Thanks for your reply Stein, I have contacted many Museums and Universities both in the U.K. and Norway, and non seems to have any drawings of Auxiliary Steam Whalers, which is surprising since it was such a huge industry in the 19th Century. Derek


----------



## stein (Nov 4, 2006)

You could try the modelling club I was a member of. The old whaler I mentioned has passed away, but not unlikely there are other members who could help you. They did have a library in my time... anyway I can think of no better place to search. The webpage is in Norwegian but I see the chairman has an e-mail adress on the home page (upper right); http://maritimmodellklubb.wordpress.com/

There's also the whaling museum in Sandefjord, which i know nothing about: http://www.hvalfangstmuseet.no/en/


----------



## caledonia2006 (May 28, 2012)

Thanks again Stein, I will follow the Club link up. The Google Translater overcomes my lack of Norwegian. Appreciate your help once again. Derek


----------



## backsplice (May 23, 2005)

Don,t know if it,ll be any help but only yesterday I saw a tv prog which included the Maritime Museum in the trinity house building Leith. There are lots of stuff relating to Whaling because of Salvesens I guess so perhaps with a wee bit of luck they might have what your looking for anyway good luck


----------



## caledonia2006 (May 28, 2012)

backsplice said:


> Don,t know if it,ll be any help but only yesterday I saw a tv prog which included the Maritime Museum in the trinity house building Leith. There are lots of stuff relating to Whaling because of Salvesens I guess so perhaps with a wee bit of luck they might have what your looking for anyway good luck


Thanks very much I will follow this up. Derek


----------



## caledonia2006 (May 28, 2012)

Some sucess at last. I have finally found the Plans for the SY Scotia which was the vessel I was really looking for.
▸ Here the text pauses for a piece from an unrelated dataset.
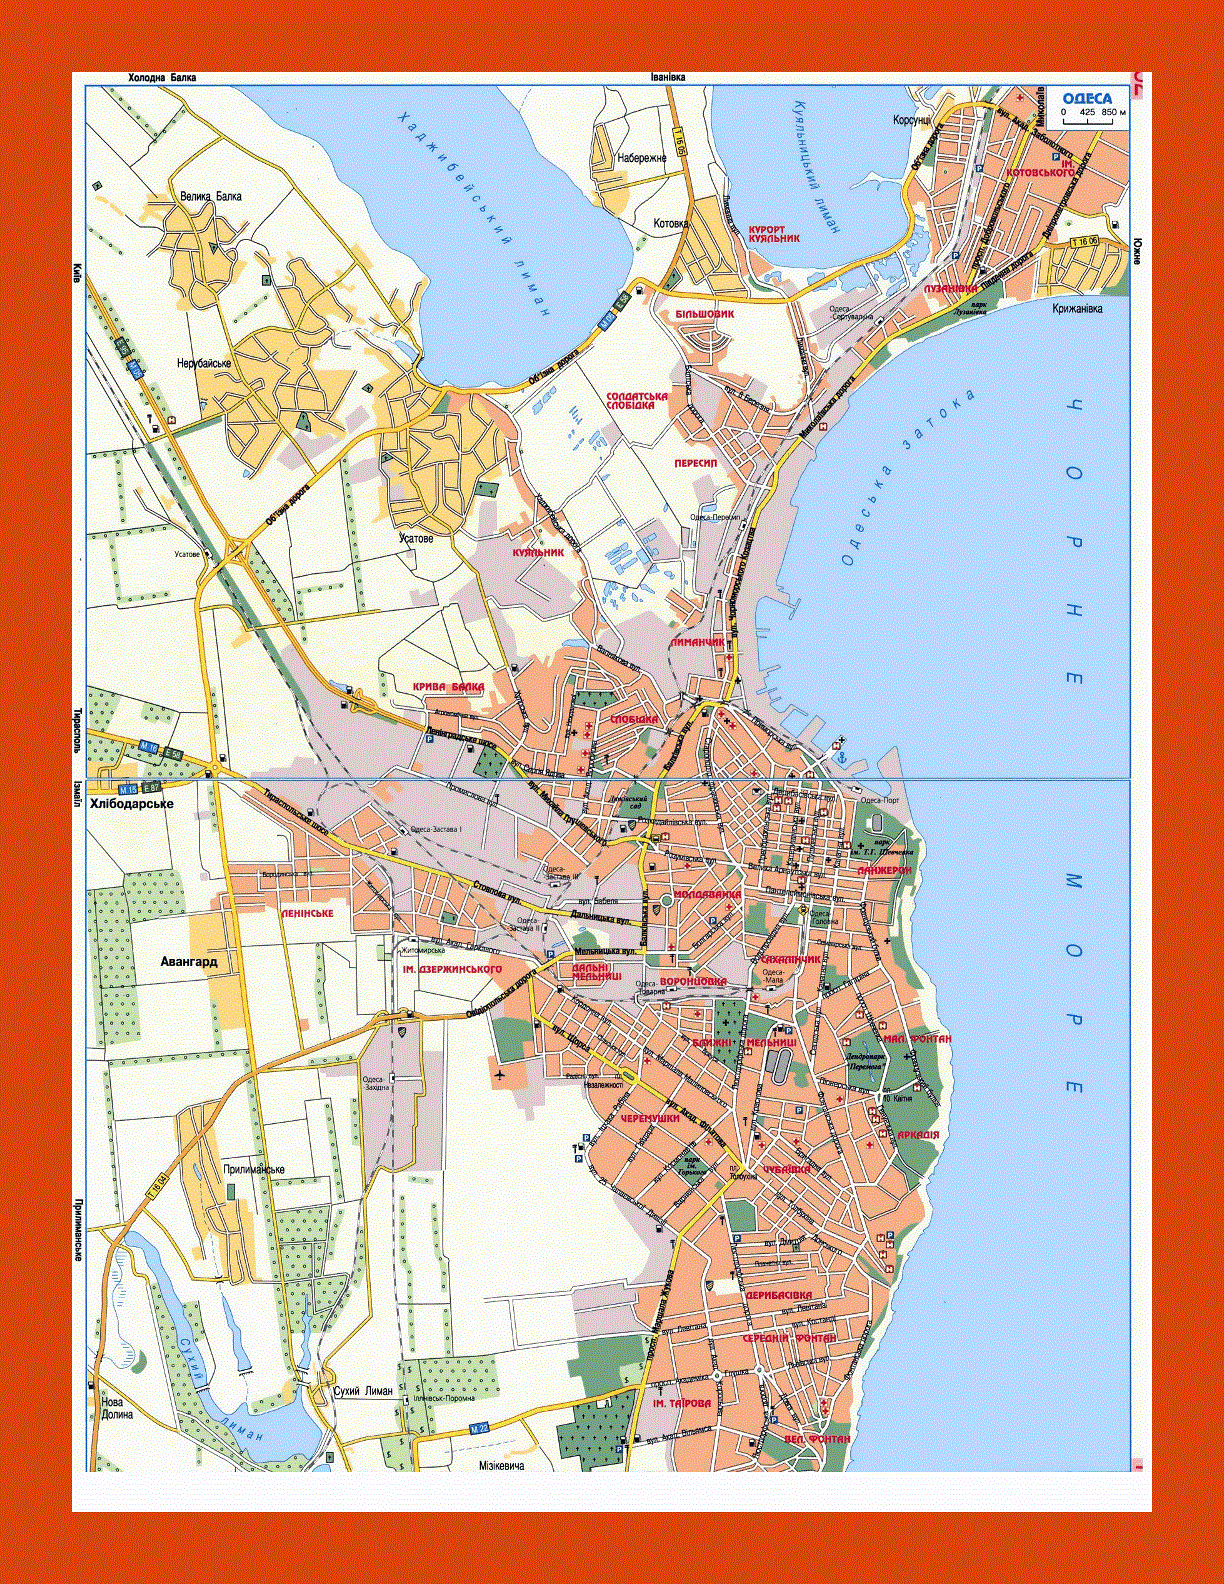 Road map of Odessa city in ukrainian

The Thomas H Manning Polar Archives
Scott Polar Research Institute
University of Cambridge
Lensfield Road
Cambridge
CB2 1ER

They advised that the Plans are reproduced in the following book.

"The Log of the Scotia" by William Speirs Bruce, 
edited by Peter Speak published in 1992 by Edinburgh University Press
ISBN 0 74860293 3
the plans are reproduced on pages 40 to 51

Thanks to everyone who offered suggestions during my search. 

Cheers Derek


----------



## caledonia2006 (May 28, 2012)

Some good news this morning, found out my bid on ebay for the above book was successful at a price much lower than Amazon and others. Waiting for delivery now, there are apparently 11 pages of drawings of the vessel and hopefully some photos too. Derek


----------